Types were incorrectly determined when slicing SparseDataFrames with
multiple dtypes (such as float and object) into SparseSeries.

import pandas as pd
sdf = pd.SparseDataFrame([[1, 2, 'a'], [4, 5, 'b']])
sdf.iloc[[0]]  # OK
sdf.iloc[0]  # ValueError: could not convert string to float: 'a'

No existing issue covers this.

codecov-io · 2016-08-05T16:07:13Z

Current coverage is 85.30% (diff: 100%)

Merging #13917 into master will not change coverage

@@             master     #13917   diff @@
==========================================
  Files           139        139          
  Lines         50157      50157          
  Methods           0          0          
  Messages          0          0          
  Branches          0          0          
==========================================
  Hits          42785      42785          
  Misses         7372       7372          
  Partials          0          0

Powered by Codecov. Last update b7abef4...8c7d1ea

jreback · 2016-08-05T16:36:30Z

pandas/core/internals.py

@@ -4440,7 +4440,10 @@ def _lcd_dtype(l):
        """ find the lowest dtype that can accomodate the given types """
        m = l[0].dtype
        for x in l[1:]:
-            if x.dtype.itemsize > m.itemsize:
+            # the new dtype must either be wider or a strict subtype
+            if (x.dtype.itemsize > m.itemsize or


doesn't np.find_common_type do this? (or .common_type)?

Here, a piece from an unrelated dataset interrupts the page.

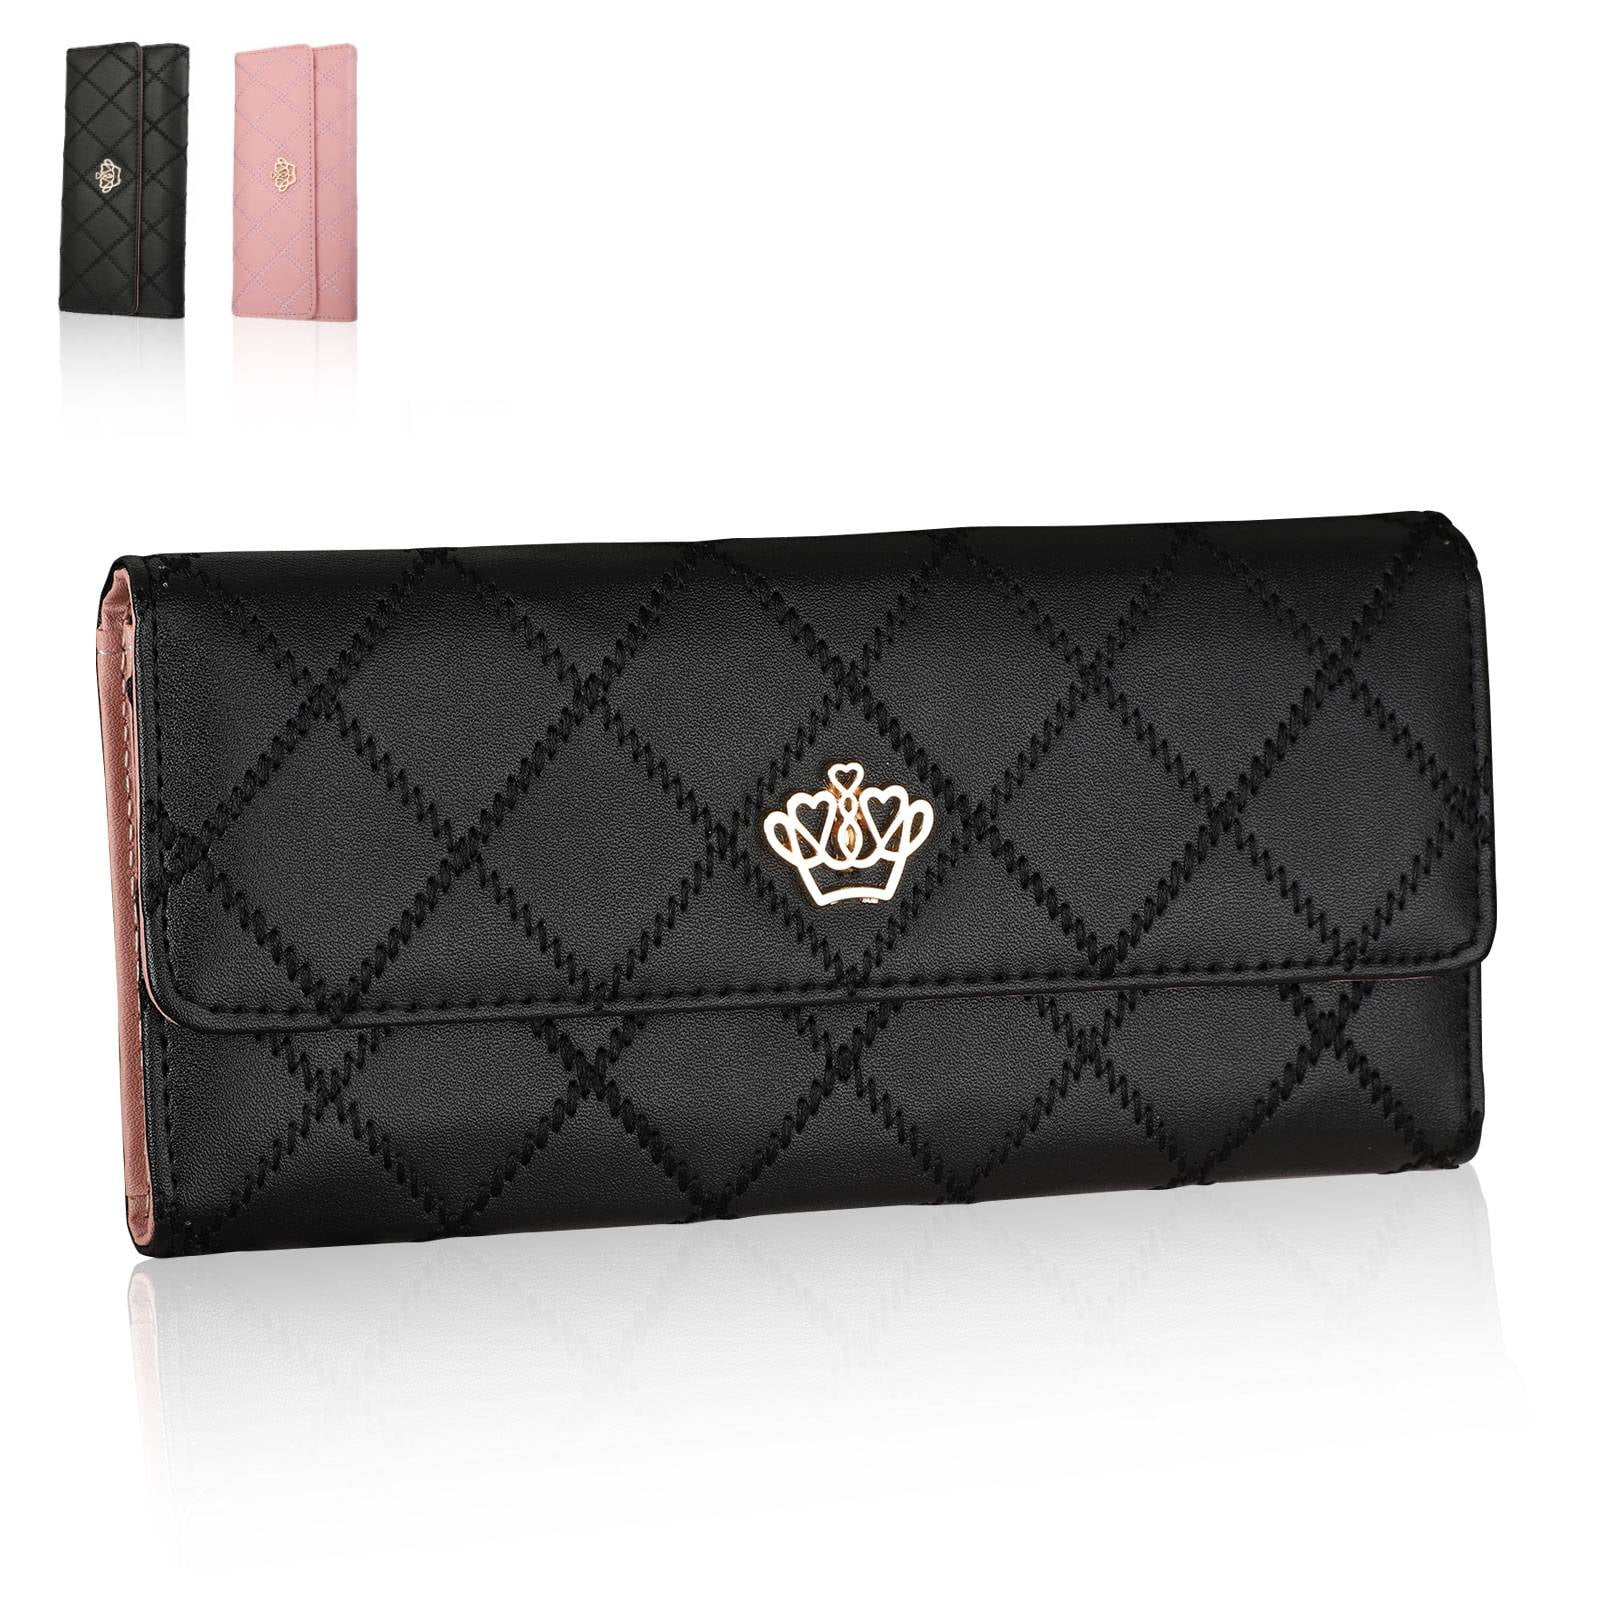 Leather Wallet for Women Slim Clutch Long Designer Trifold Ladies Credit Card Holder Organizer

should create a pandas version of this to isolate (e.g. this won't handle non-numpy types)

jreback · 2016-08-05T16:36:46Z

@sinhrks

sinhrks · 2016-08-05T20:15:19Z

as sparse mainly supports float64, adding more tests for mixed dtype is appreciated (maybe in the same file as separate class).

Types were incorrectly determined when slicing SparseDataFrames with multiple dtypes (such as float and object). Also enables type inference for SparseArrays by default.

sstanovnik · 2016-08-08T19:46:03Z

I used numpy's find_common_type instead of that local function, this changed a test (test_block_internals.py), see if that numpy behaviour is desired.

Another (maybe non-minor) change is the default parameter in sparse/array.py, but that didn't seem to really break anything.

I also added some new tests as suggested, but don't feel confident in adding the proposed pandas alternative to the numpy find_common_type - my knowledge of pandas dtypes isn't really great. It would likely be similar to _interleaved_dtype in core/internals.py right?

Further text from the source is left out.